For a club with hundreds of millions of active members, Facebook remains remarkably symbiotic with its creator. Its philosophy about privacy reflects his own feelings, which have always been, um, multi-faceted and subject to change. The Mark Zuckerberg who just appointed not one but two Chief Privacy Officers is the same dude who, in Facebook’s earliest days, bragged to a friend that he had scads of information on 4,000 of his Harvard classmates and directed a foul-mouthed insult at them for having been so gullible as to trust him. The two attitudes express the polar extremes of Facebook privacy; at one point or another, Zuck has covered most of the ground in between.

Over time, the man and his social network settled into a routine. They’d introduce a new feature that did new things with users’ online information without seeking permission, in ways that shocked and/or irritated some members. Then they’d respond to the uproar by dialing back the new feature–but usually not by simply rescinding it, at least immediately. A classic example was 2007’s Beacon advertising feature, which left members startled to find the details of their purchases at sites such as Overstock.com showing up on Facebook, in public.

The company fiddled with Beacon before finally dumping it, but the new Open Graph feature, which pumps information from external services such as Spotify into Facebook feeds, shows that it never lost interest in the basic concept.

Facebook’s low point may have came in 2009, when it made sweeping changes that undid members’ privacy settings, thereby disclosing information that had previously been restricted from public view. The site, which had once played up the virtue of sharing information only with friends and hiding it from everyone else, was moving into a new phase that emphasized sharing, not hiding. Or, as Zuck blithely put it in April 2010, “We are building a Web in which the default is social.”

When I read that he’d said that, I came to a conclusion similar to the one that Farhad Manjoo made this week in an article at Slate: The best approach to Facebook privacy is to assume that there isn’t any. If you’ve got photos, affiliations or peccadilloes that you prefer to hide from the world, the worst possible place for them is Facebook, no matter what your settings. But for stuff you want to share–hey, there’s no better place.

Ultimately, if you expect Mark Zuckerberg to serve as a tireless champion of existing notions about privacy, you’re going to be disappointed at least some of the time. That’s not what he and Facebook are here for.

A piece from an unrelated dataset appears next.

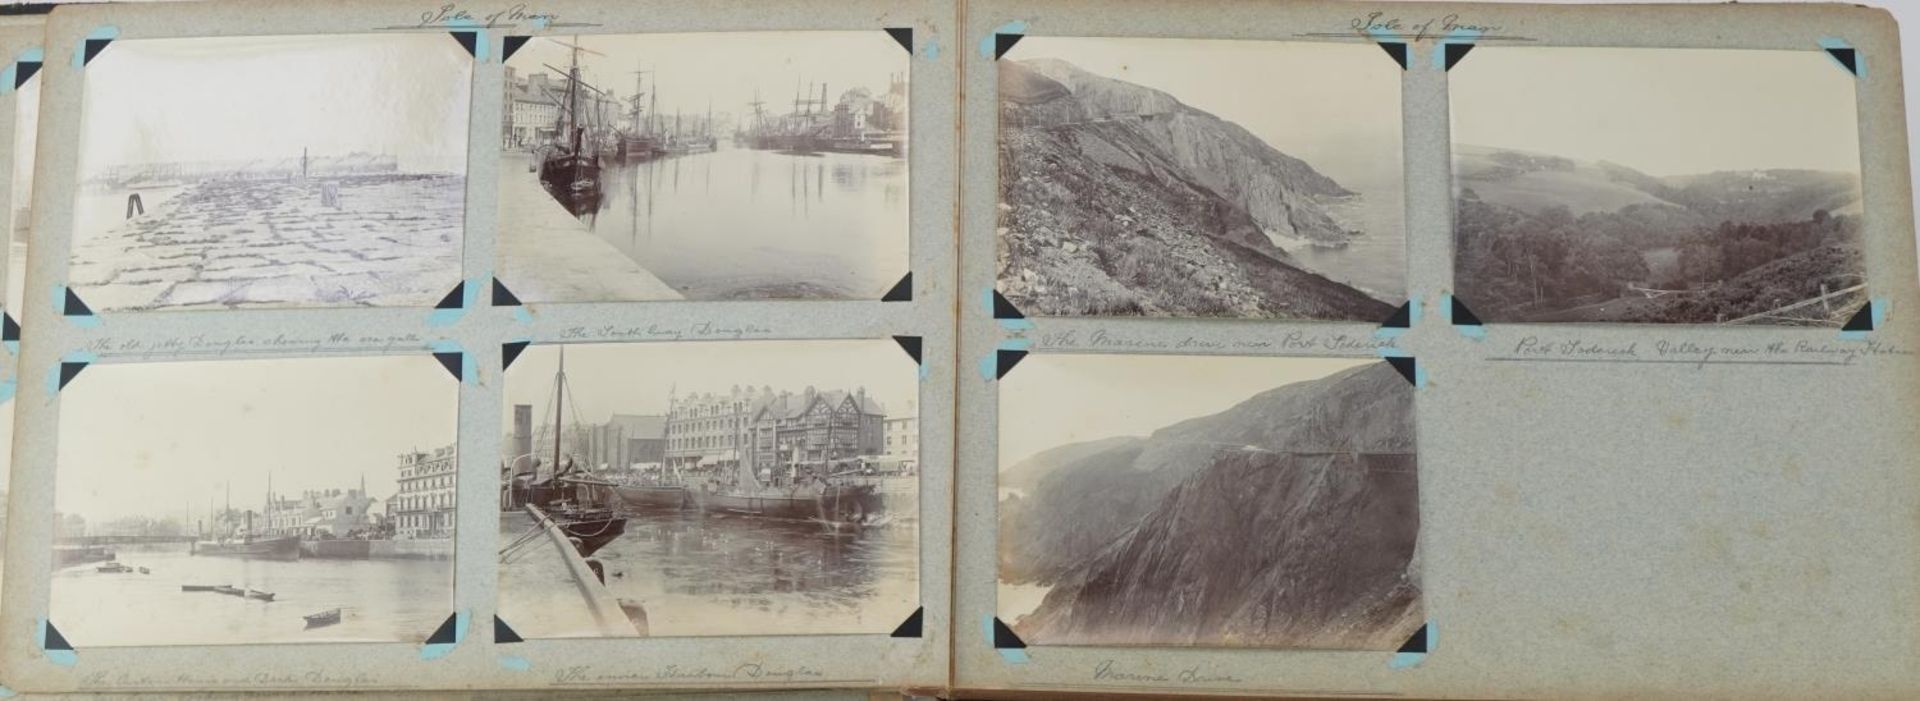 Early 20th century black and white photographs relating to the Isle of Man arranged in an album - Image 6 of 28

No, Zuck’s calling is to change how people feel about sharing online, and to encourage them to do more of it, not less. As he frequently says, people are inclined to double the amount of information that they share on Facebook each year. The phenomenon is known as Zuckerberg’s Law, and he’s not about to stand in its way.

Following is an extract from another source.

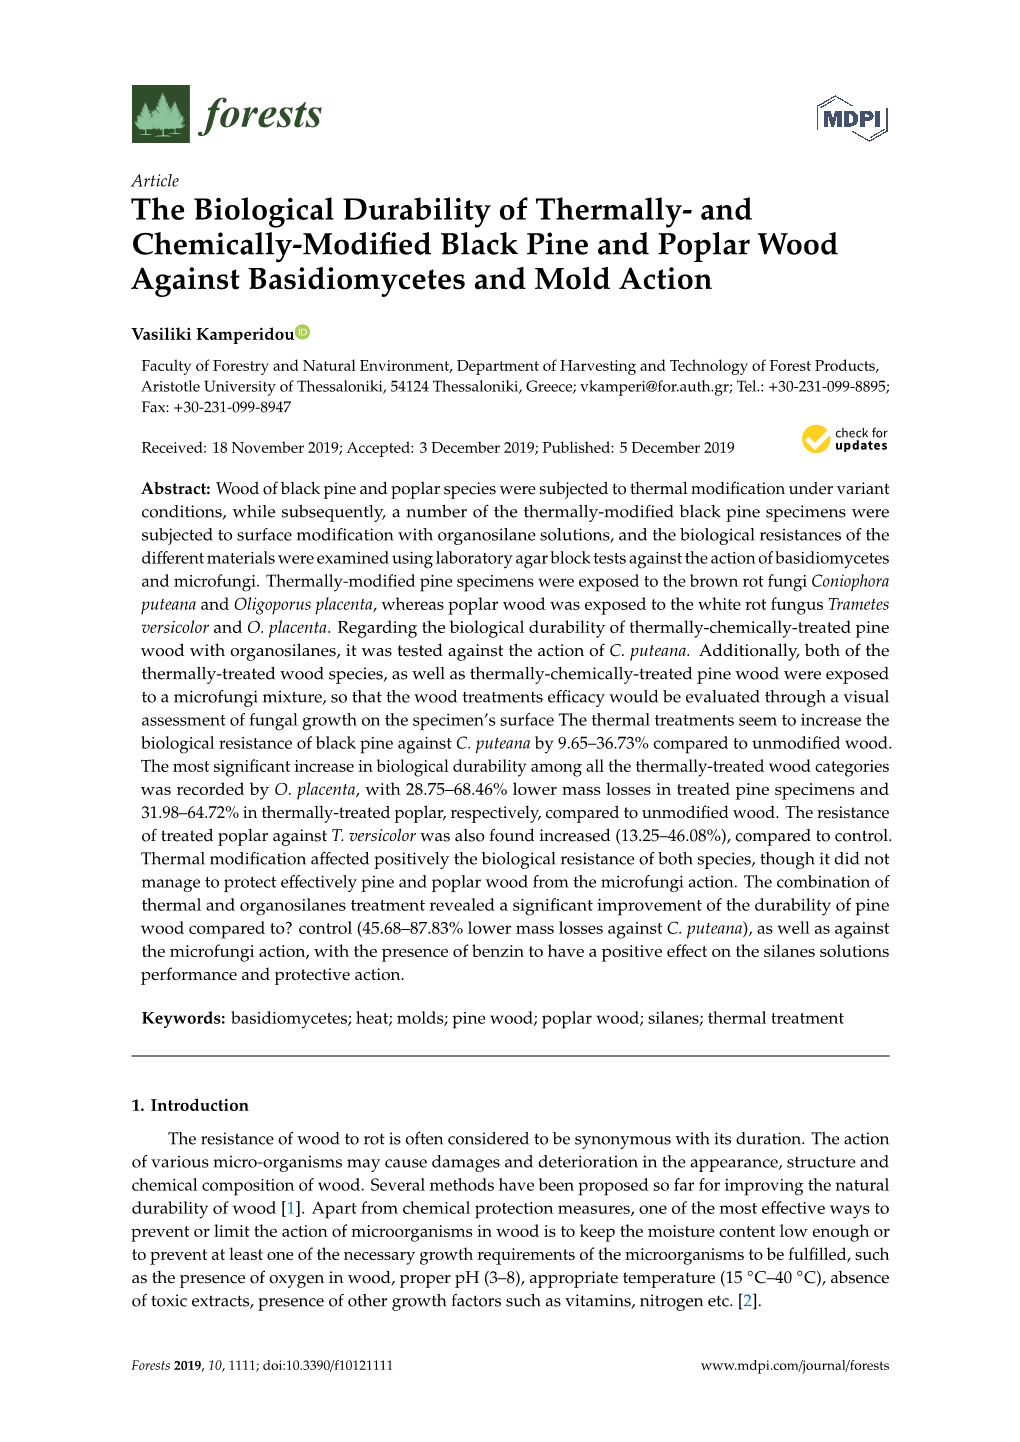 The Biological Durability of Thermally- and Chemically-Modiﬁed Black Pine and Poplar Wood Against Basidiomycetes and Mold Action

More than 800 million human beings have bought into Zuck’s vision so far, imperfect though it is. I suspect that in the years to come, he’ll continue to provoke us to rethink what we share, who we share it with and how we share it. I’m game, but I also hope that the FTC settlement has a lasting effect. As I said, I like the guy–but I’d like him even more if he was a little more sober and a little less capricious.